"Processing xml data stream(s) using continuous queries in a data stream management system".
The patent application is available online
It was filed in Nov. 17, 2006, published in May 22, 2008, and also claims to be related to a DBMS SQL/XML related patent filed in 2005 (is that an attempt to claim for anteriority?).
As far as I can sum it up, it organizes its claim around three fundamental findings:
(usual disclaimer here - this is my own view etc)
- CQL or SQL-alike continuous event processing languages fall short on dealing with structured data streams
- especially XML
- both as input event stream and as output event streams (out of the continuous query).
SELECT RStream(count(*)) FROM StockTradeXMLStream AS
sx [RANGE 1 Hour SLIDES 5 minutes] WHERE XMLExists( ‘/TradeRecord[TradeSymbol = “ORCL” and
TradePrice >= 14.00 and TradePrice <= 16.00]’ PASSING VALUE(sx))
I was a bit surprised by this patent because there is an interesting positionning dilemna. Oracle has publicly advertised its wishes to standardize CQL in some ways, and this patent is now an advertised intent to lock a subset of it.

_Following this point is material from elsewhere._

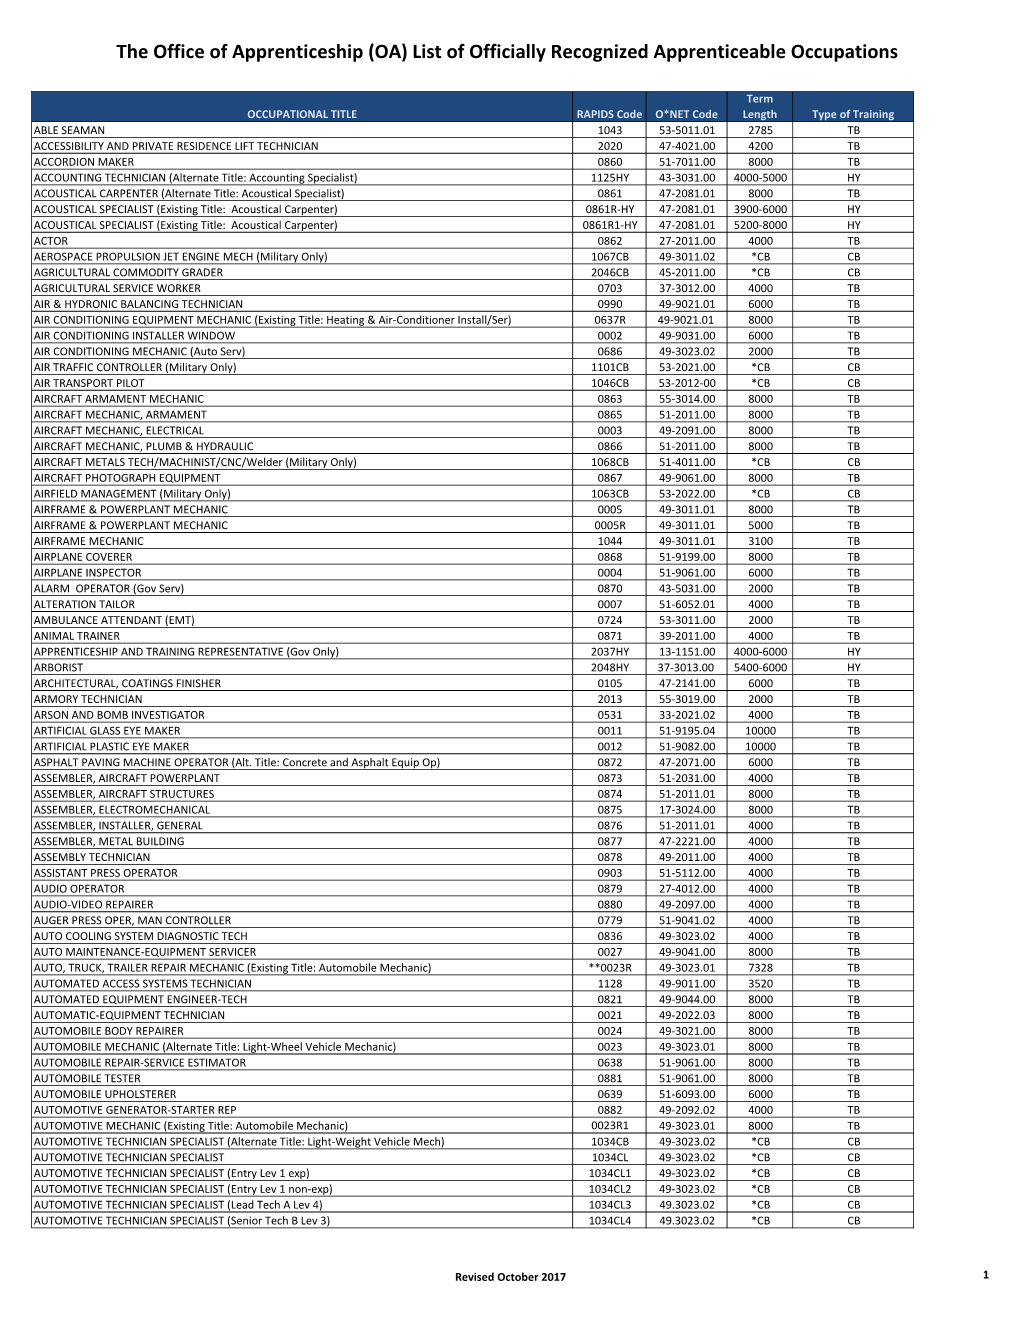 (OA) List of Officially Recognized Apprenticeable Occupations

- Is it a good way toward standardization consensus?: I don't think so - it blurs your motivation for standardization ("leave XML out, it's patented - more value in my own product and more FUD to yours")
- Is it a good way to quickly empower the user? I don't think so - more locking deep down to the language (remember all the messy ANSI SQL derivatives right?)
- Is it a good way to innovate? I don't think so - bring it to end users and call for participation
- Coral8, back in Sept. 2006, support the same XMLAgg, XMLTable and alike - see also their XML cookbook
- Esper, back in August 2006, supports for XML events. The Esper EPL actually does a very nice job at not exposing XPath or XML in the EPL and automates the XPath plumbing - so that the EPL is actually event representation agnostic. I think that is a superior design
- As a generalization, Esper, since day 1 (somewhere in 2005), supports Object structured event streams - which is a generalization of xml structured streams obviously.
- iSpheres (now at Avaya) - can't even have a date but likely 2003 or so
I am not saying patents are good or evil or a bit of both - that's no the point here. But this one just strikes me for what it is. I'd be curious to hear from Coral8 folks as well as others.